Many speakers reiterated the history of the “Duplexes” on Aberdeen Blvd., which are clearly not SU’s, and wanted to prevent more Duplexes in the area except on land zoned accordingly. Tiffin Homeowners Association proposed that new builds (3 years and newer) should be limited to small sizes to achieve affordability while SU’s in older existing dwellings need not
be further restricted since affordable second units are being created in them.
Local renovators and developers emphasized the demand for rental housing that was affordable in Midland and the recent market interest in Secondary Units, but at a more reasonable size than is being proposed by the Planning report. Affordability was a common theme amongst all speakers including the THA.
After listening to the public input, the Committee directed Planning staff to submit another, and hopefully final, report that recommends a reasonable accommodation size for Secondary Units and offers some flexibility, whether a geographic exemption for SU’s should be considered, and clearly defines the difference between a Secondary Unit and a Duplex. During discussion of the item, Councillor Canning made a suggestion that seemed to find favour with several other councillors – limit SU’s in new builds to 35% of the entire dwelling but do not restrict unit sizes in existing dwellings.
The Province has mandated municipalities to create Secondary Units as one means of providing affordable housing under Bill 140. Council now needs to settle on an appropriate Zoning Bylaw amendment to regulate Secondary Units in Midland.
The second item of interest at Planning Committee was a settlement of a by-law appeal to the OMB. The appeal was launched in 2014 after Council acted on a staff recommendation to pass a by-law that ostensibly implemented the requirements of the Source Protection Plan ("SPP") for our area.
The appeal, filed by Mr.
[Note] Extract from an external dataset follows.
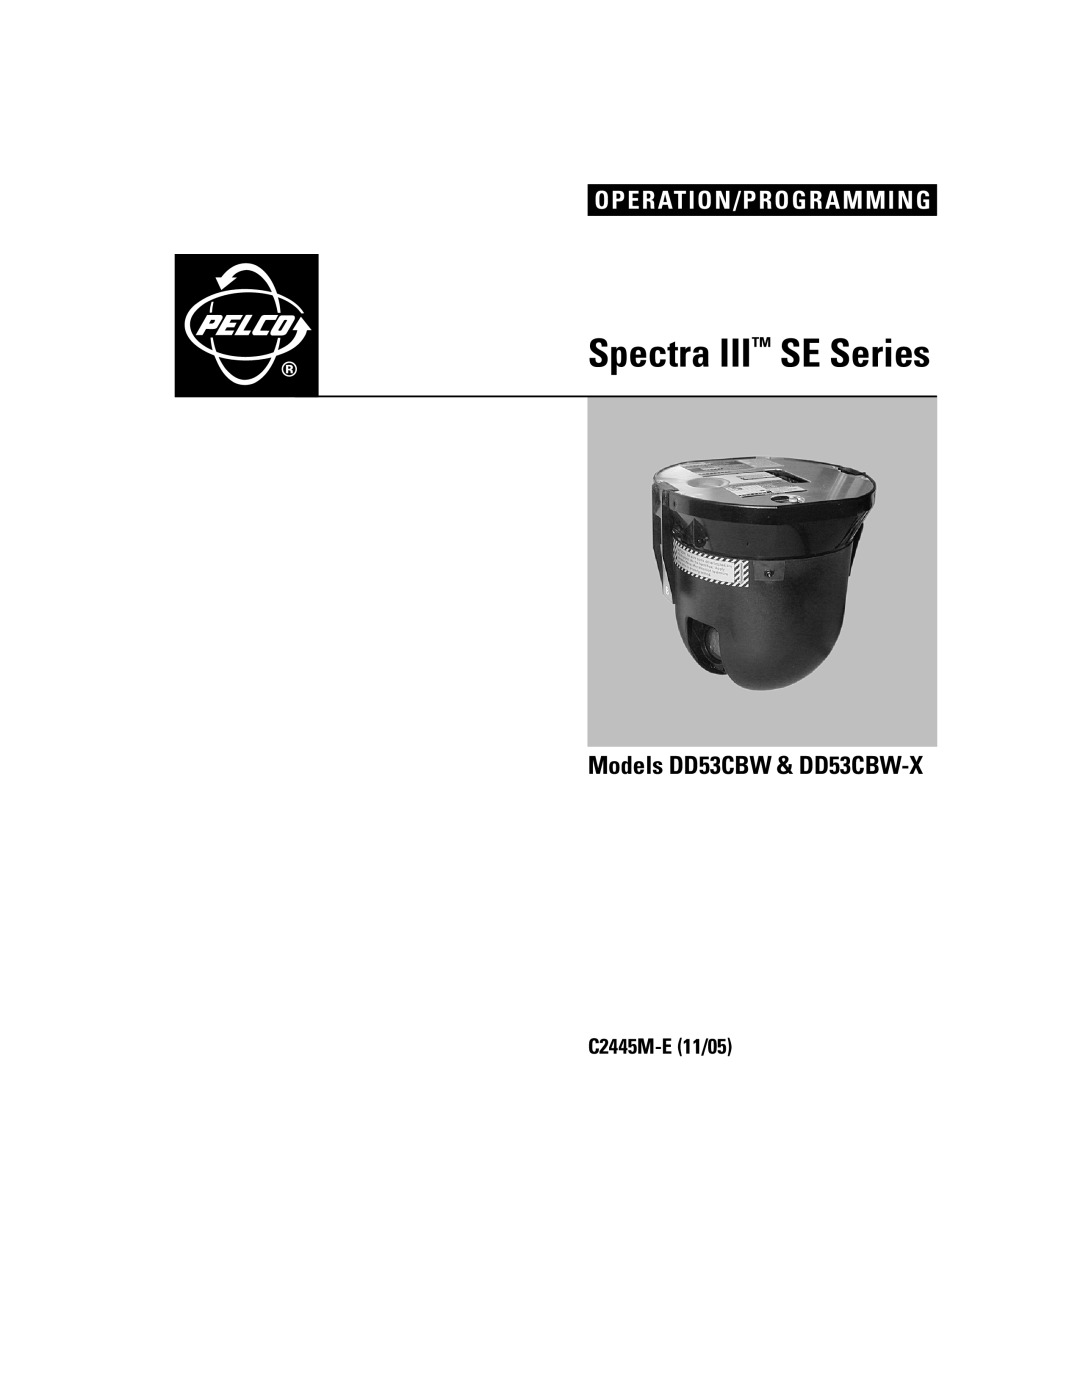 Pelco manual Operation/Programming, Models DD53CBW & DD53CBW-X, Spectra III SE Series, C2445M-E11/05

Stu Leggett and supported by midlandcommunity was based on the Director of Planning’s insistence that the bylaw would implement only the “minimum requirements
” of the new SPP. In fact, the new by-law far exceeded the mandate contained in the SPP and broadly prohibited land uses which could never constitute a “significant drinking water threat
While the SPP itself was based on thorough scientific study, Midland's by-law was not. Midland’s failure to understand and implement the actual requirements of the new Source Protection Plan resulted in a very time consuming and expensive process for all involved. Settlement of the OMB appeal will remove all the by-law's excesses and also remove a probable appeal of Midland’s Official Plan Amendment. Only required polices will be incorporated in Midland's new Official Plan when adopted.
Unfortunately, Midland’s excessive and misguided “improvements and enhancements” to provincial and national regulations has occurred all too frequently; examples include backflow prevention, septic inspections, and more recently SPP. Midland ratepayers who have borne the cost have never seen any benefit from going 'above and beyond' what is actually required. In fact the opposite is true.
In closing, regulations in Midland which do not apply in the majority of other municipalities - both provincially and nationally - pose a significant impediment to development and economic growth. These unnecessary layers of bureaucracy add costs to Midland businesses, residents and ratepayers while placing a burden on the municipal treasury.
Midland’s continued implementation of unnecessary, excessive and costly regulations must cease.